*Collected data*:

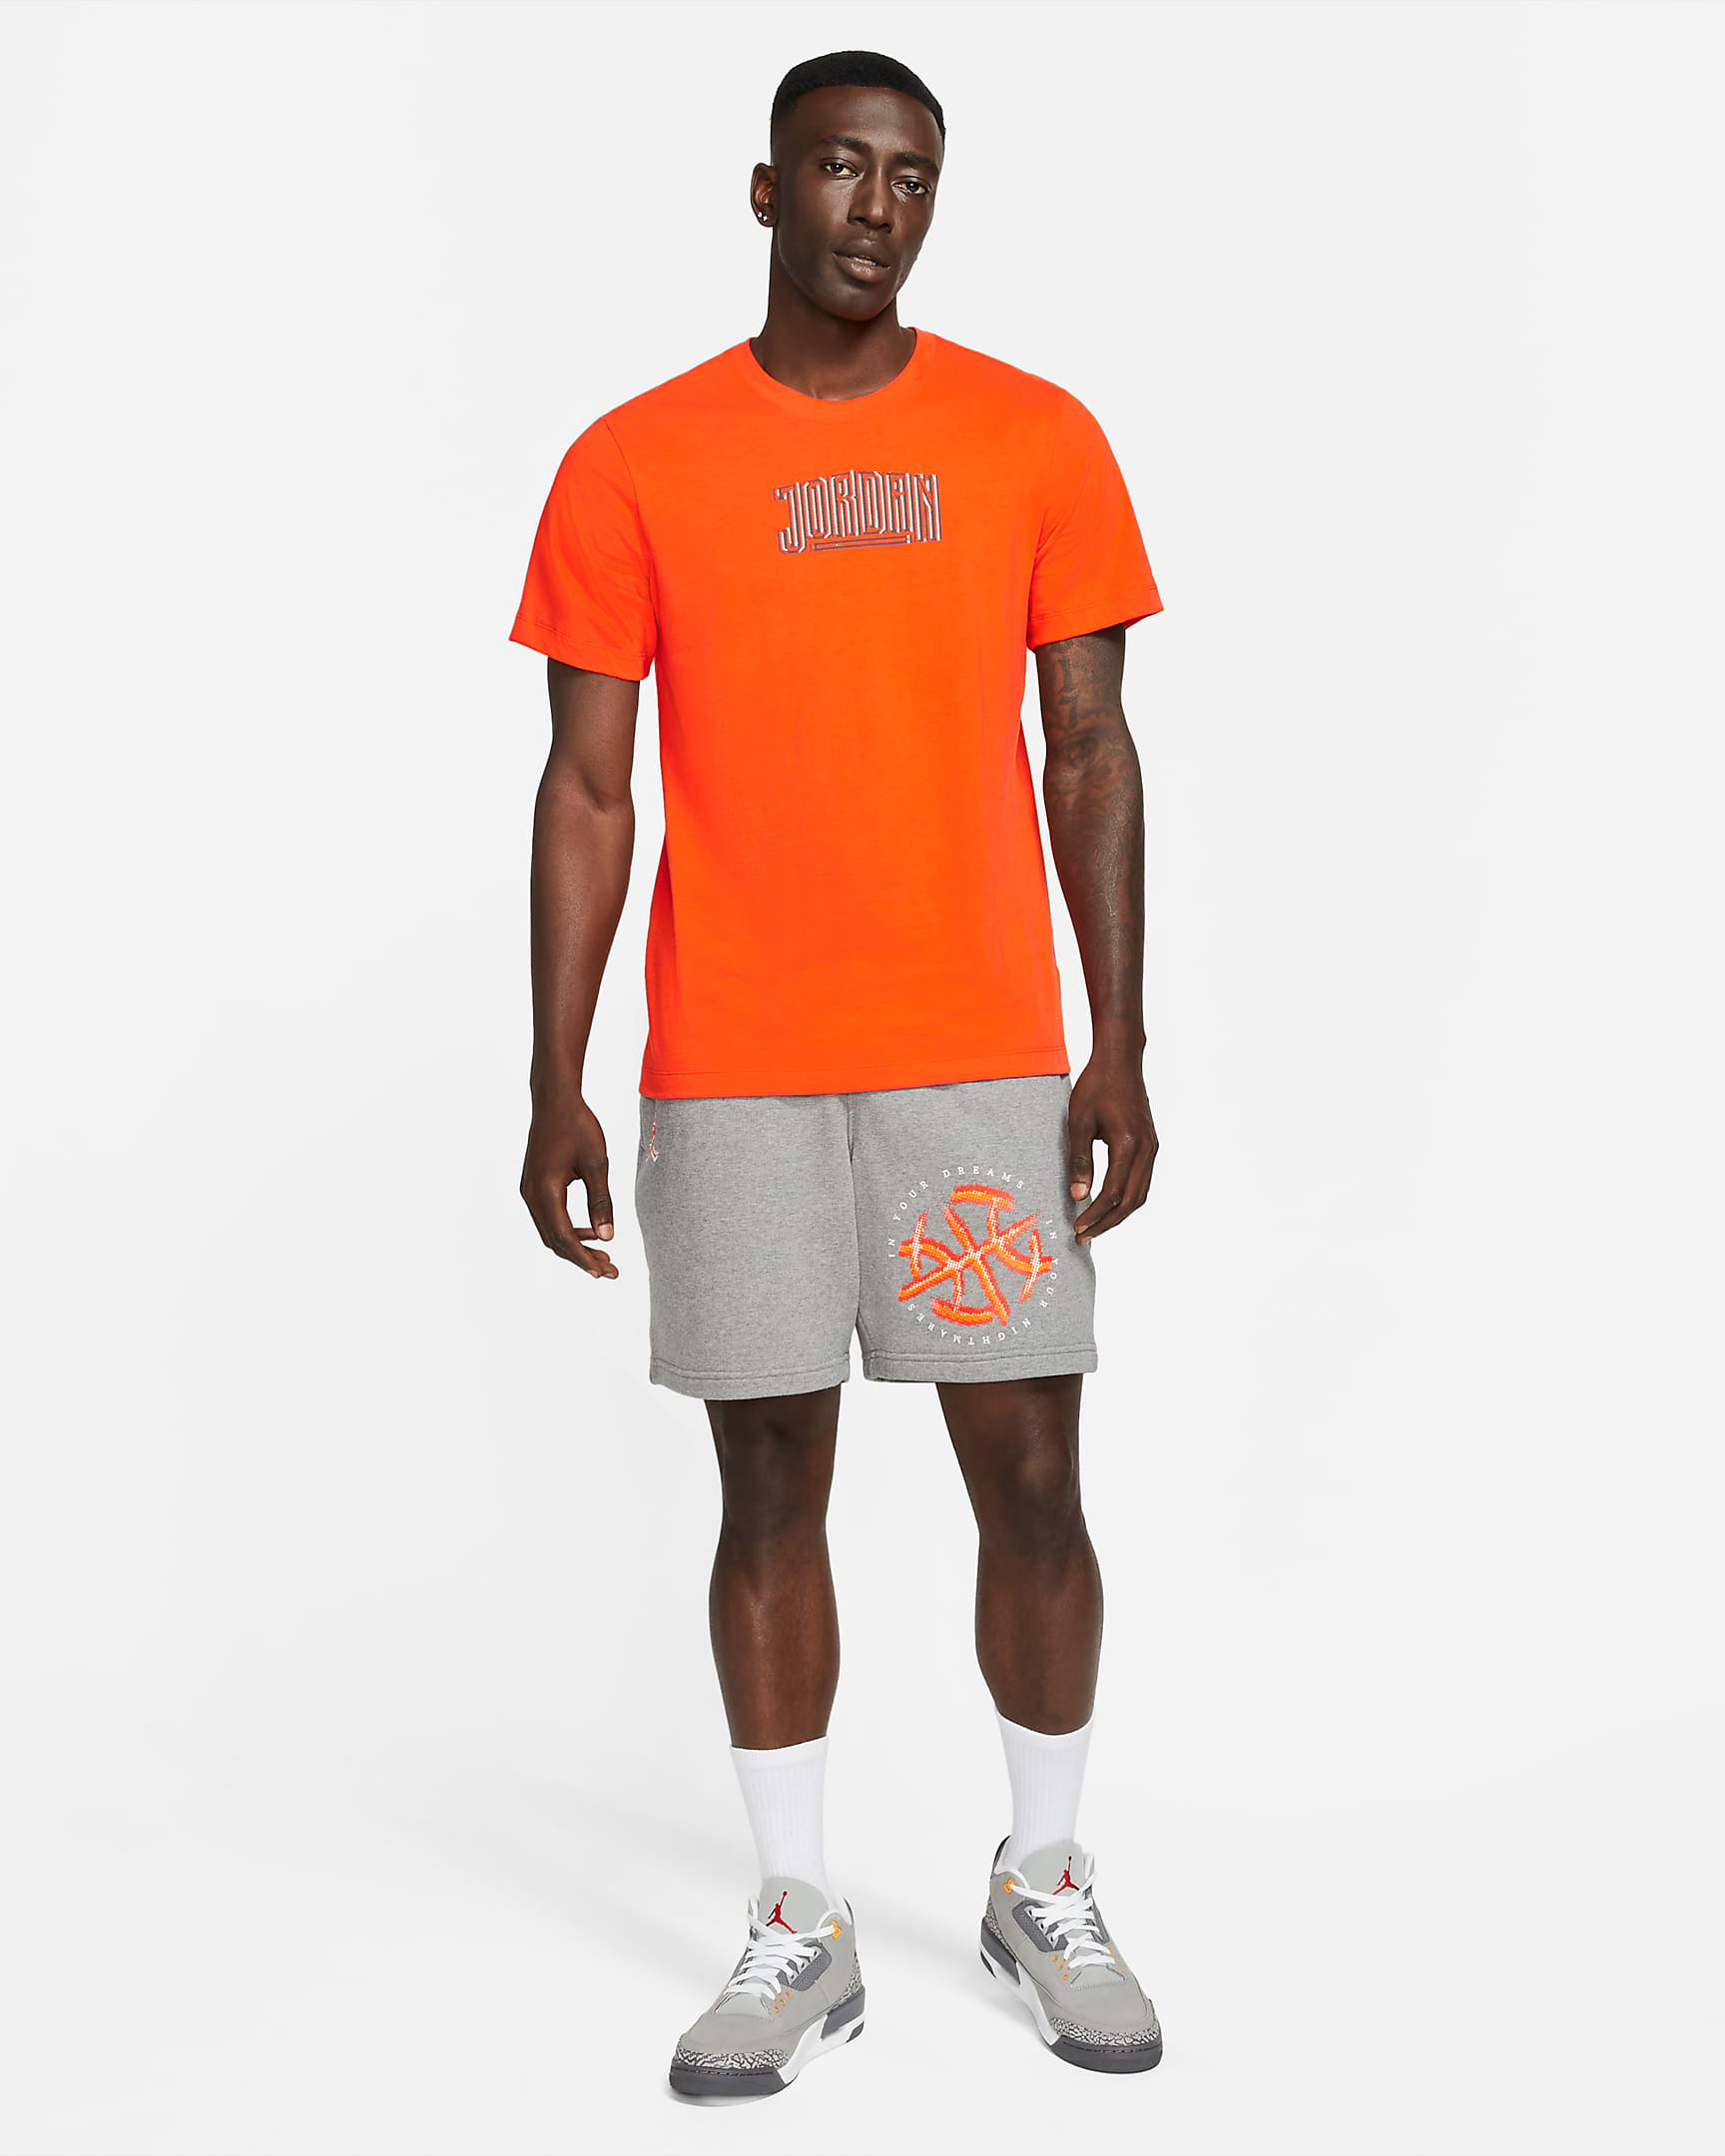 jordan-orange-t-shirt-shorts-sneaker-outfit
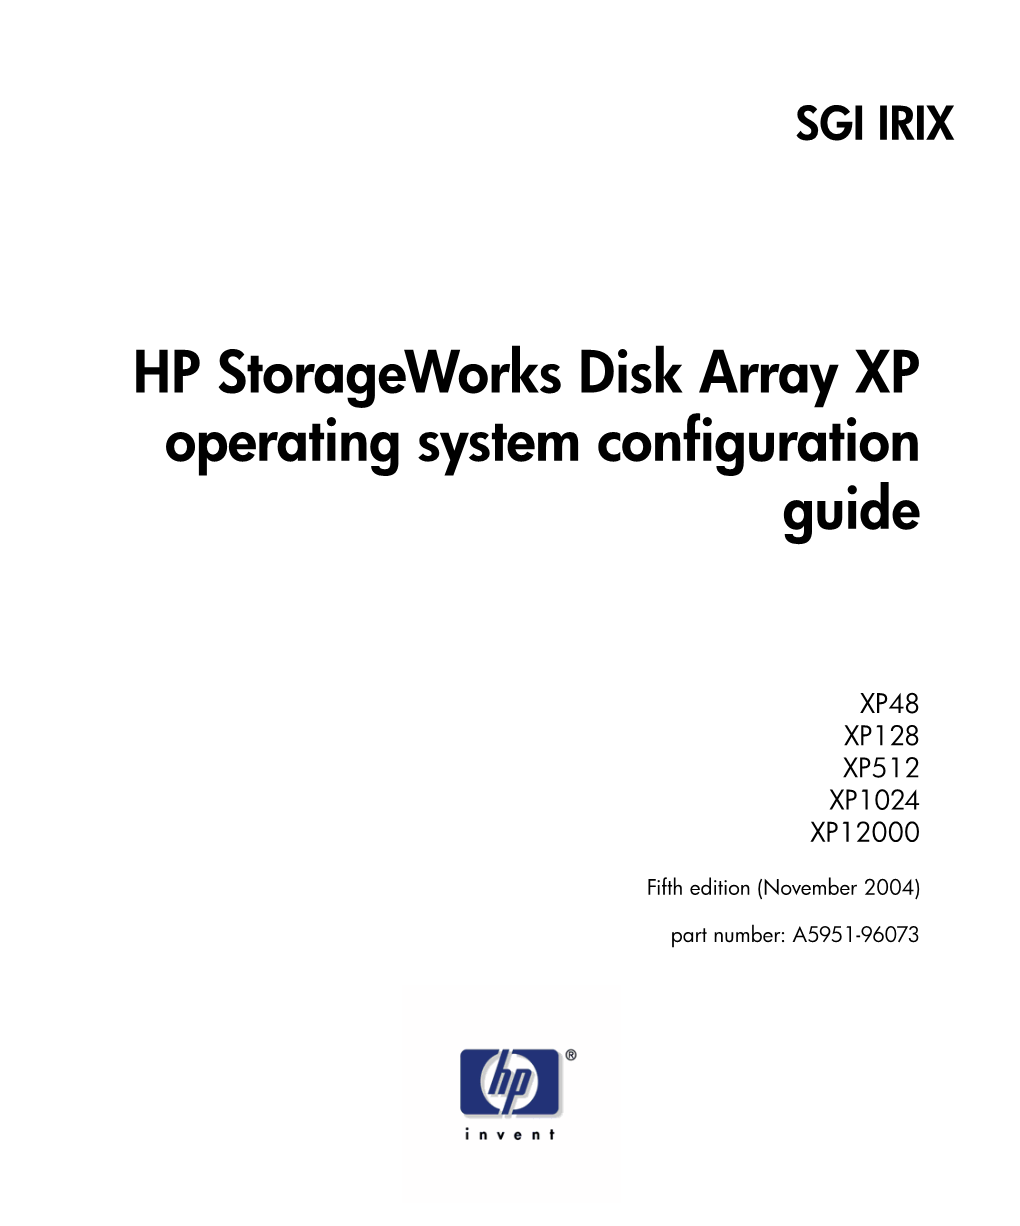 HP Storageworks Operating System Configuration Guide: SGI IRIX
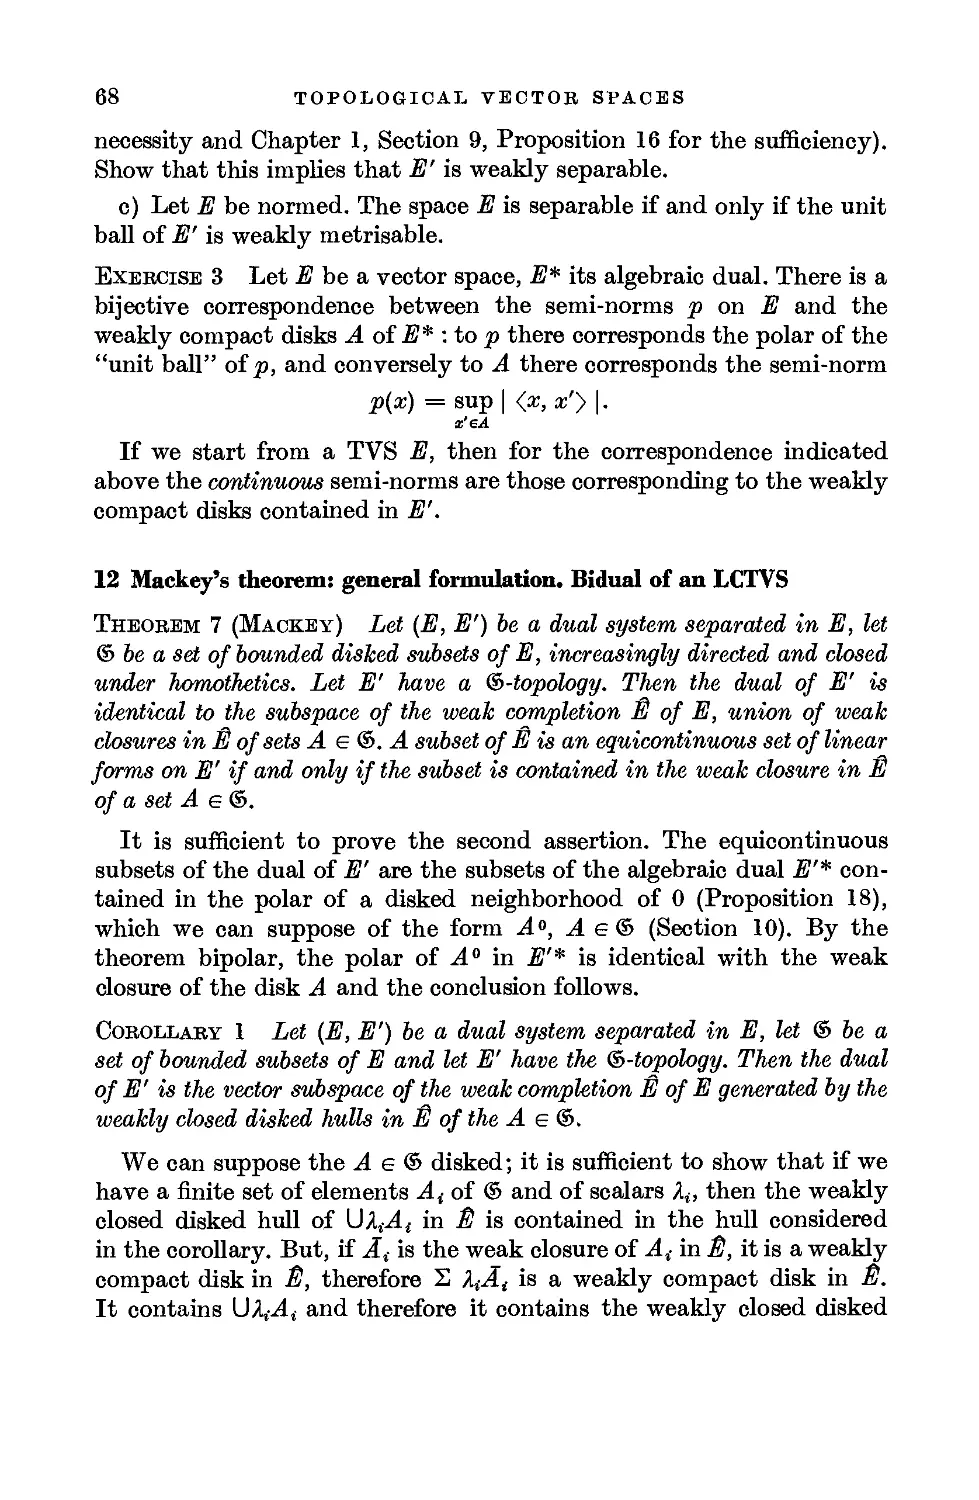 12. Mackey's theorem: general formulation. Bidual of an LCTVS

*What the task requires*:
Take the lines from the one holding "HP Storageworks Operating" through the last line of the data above and copy them exactly, both ends included, omitting all pictures.

*Solution for this problem*:
 HP Storageworks Operating System Configuration Guide: SGI IRIX
 12. Mackey's theorem: general formulation. Bidual of an LCTVS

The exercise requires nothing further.